How to upload locally built reference genome to galaxy cloud server

Hi Everyone,
I just figured out how to build reference genome using my own fasta file using my local galaxy. After indexing the fasta sequence using a set of data manager indexers, anyone know how to upload the build reference genome to my public galaxy user account?

The reason I am doing this is because a lot plant reference genomes such barley, wheat are not available in the public galaxy server (https://usegalaxy.org/). And also I don’t have admin right required to build my own reference genome in the public galaxy account. So I installed galaxy in my local pc and build the reference genome. However, I still want to use the public server for the RNAseq read alignment and downstream analyses, because my pc is low in both RAM and CPU. Thanks in advance :wink:

1 Like

Hi @YONG_JIA

The only way to use reference genomes that are not already indexed at Galaxy Main https://usegalaxy.org (or any other public Galaxy servers) is to use a custom reference genome from the history. Please be aware that for some cases, the custom genome will be too large to use successfully.

If your PC does not have enough resources, and the custom genome functions fail for memory reasons, then you’ll need to consider other alternatives, such as Cloudman/AWS. AWS does offer “Grant in Education” that can help to cover the commercial costs for storage/computational work.

FAQs: https://galaxyproject.org/support/

Galaxy Choices:

Related Q&A: Reference genome import from main to local server

1 Like

Hi @jennaj
Thanks a lot for listing out all the choices :slight_smile: I have made applications to both Nectar Cloud in Australia and Google Cloud Platform for more computation power and space. I will see how it goes. I may try your suggested options as well later.
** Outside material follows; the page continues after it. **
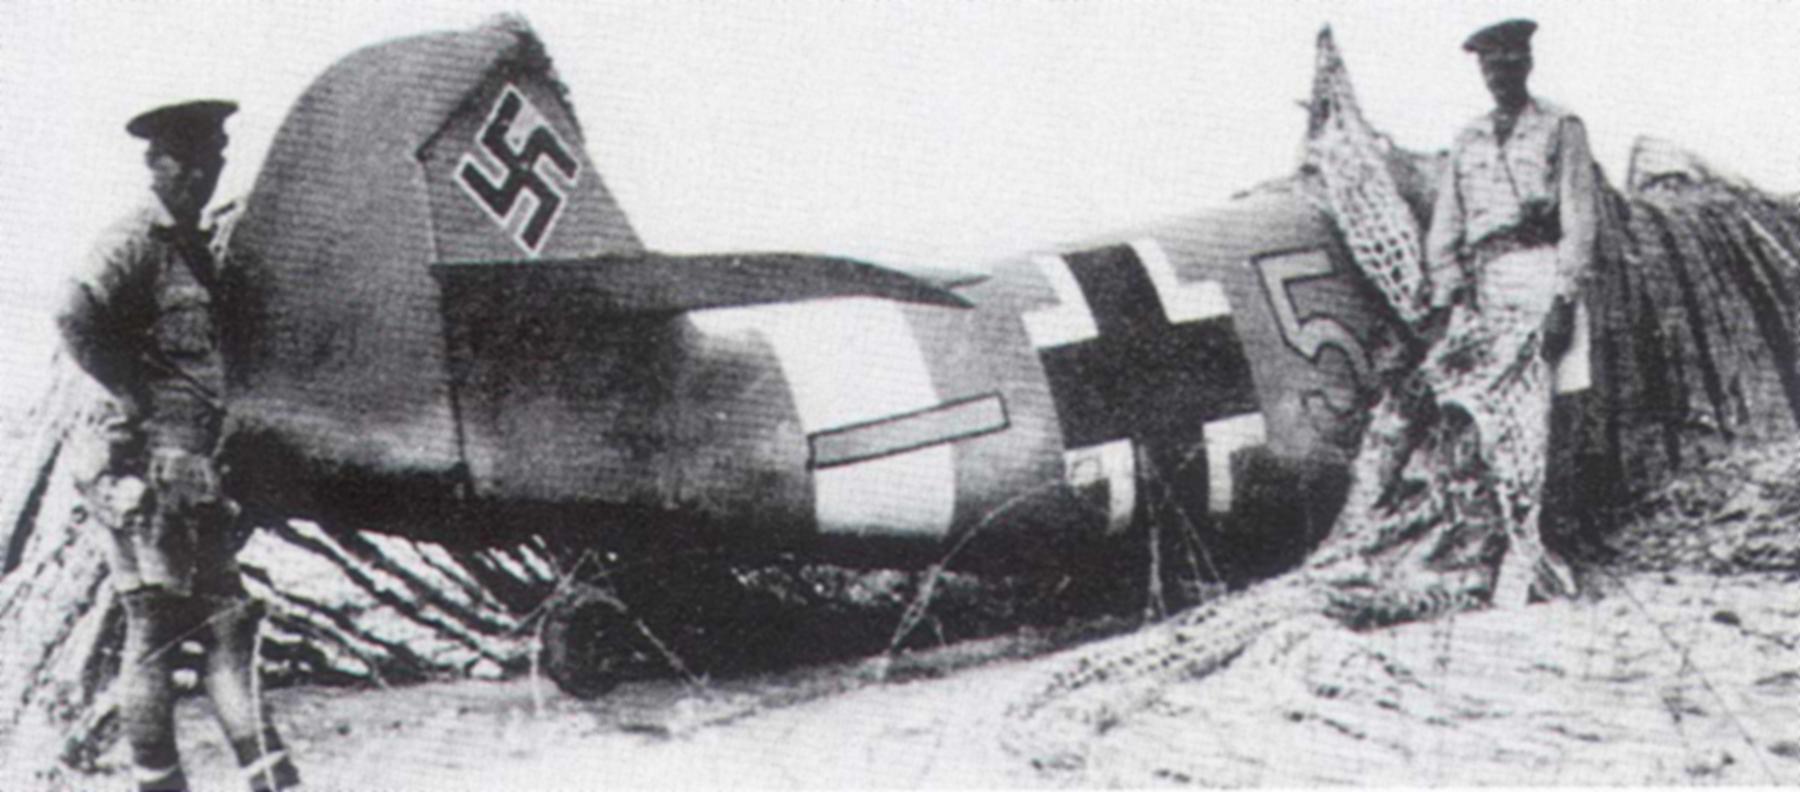 Messerschmitt Bf 109F4Trop 6.JG27 Yellow 5 Gehard Mix WNr 10074 crashed El Alamein Egypt Aug 14 1942 02

When using RNA STAR to align reads to my own barley fasta file, I came across the following error:


STAR outputs three files: xxx.log, xxx.bed, xxx.bam. While the run is complete and successful, just with the “An error occurred setting the metadata for this dataset”. By clicking the “Auto-detect” button in the Attributes tab, I could fix the error for the xxx.log and xxx.bed output files, but it does not work for the xxx.bam file. Then I attempted to view the bam file in local IGV, then it states this:
Capture%202

Do you know how to fix this? Thanks a lot. :slight_smile:

1 Like

BTW, I was using the fasta file from history as the reference genome (without indexing). Haven’t been able to upload the indexed genome file yet :wink:

1 Like

Try clicking on the “eye” icon for the BAM dataset, does the dataset contain alignment lines and not just headers? Review the logs and bed dataset as well, it may give some clues about what went wrong.

I suspect the job failed for memory reasons (STAR is very memory intensive), otherwise redetecting the metadata for the BAM would have been successful. Indexed genomes will use fewer resources, but even when indexed, the entire genome is held in memory. This prior QA just from today explains the resources the tool needs: RNA-STAR, hg38 GTF reference annotation, Cloudman/AWS options plus local Galaxy "Cloud Bursting" for memory intensive mapping - #7 by jennaj.

This post also covers a new function for “Cloud Bursting” – meaning, attaching cloud resources to a local Galaxy for larger jobs, on demand. Is just another choice to consider, but requires more administrative work to set up and space on your local to store data would be needed. Using a Cloud Galaxy will be simpler to configure and offer more space and memory – so hope one of those works out!

The “name” issue with IGV was likely due to the existing metadata problems with the failed BAM. Once you have a successful result, any datasets you want to view in IGV need to have a “database” assignment (see the Custom Genome FAQ, specifically the “Custom Build” option). This allows you to assign a custom “database” to data. To have it display in IGV with the underlying genome sequence, then you’ll need to install your custom genome into a local IGV as well, and name it the same.

I don’t think Barley is available as a pre-indexed genome in IGV, but you could check the list, and if there, confirm it is the same build/version as the version you are using in Galaxy for mapping. If the same, then create your Custom Build in Galaxy to have the same “database” name, aka “dbkey”, as IGV uses for the data to “match up”.

Hi @jennaj Thanks for the reply.
I had a look at the bam file, it looks good to me. The issue is that, when I manually set the database name to “Custom build” which I created by following the Custom Genome FAQ, and save, the error is gone. However, clicking the “Auto detect” would bring the error back. I guess this is an problem with custom genome?

The bam file size shows it is ~ 1.1Gb, while the barley fasta.gz file size ~1.2 Gb, which may indicate the alignment is actually complete?

1 Like

Ok, that may be a bug. I’ve marked this for follow up next week. Thanks for reporting the problem!! More feedback once I done some testing.

Apologies for delayed reply. For some reason I did not get a direct notification about this… but looks important and have it tracked now.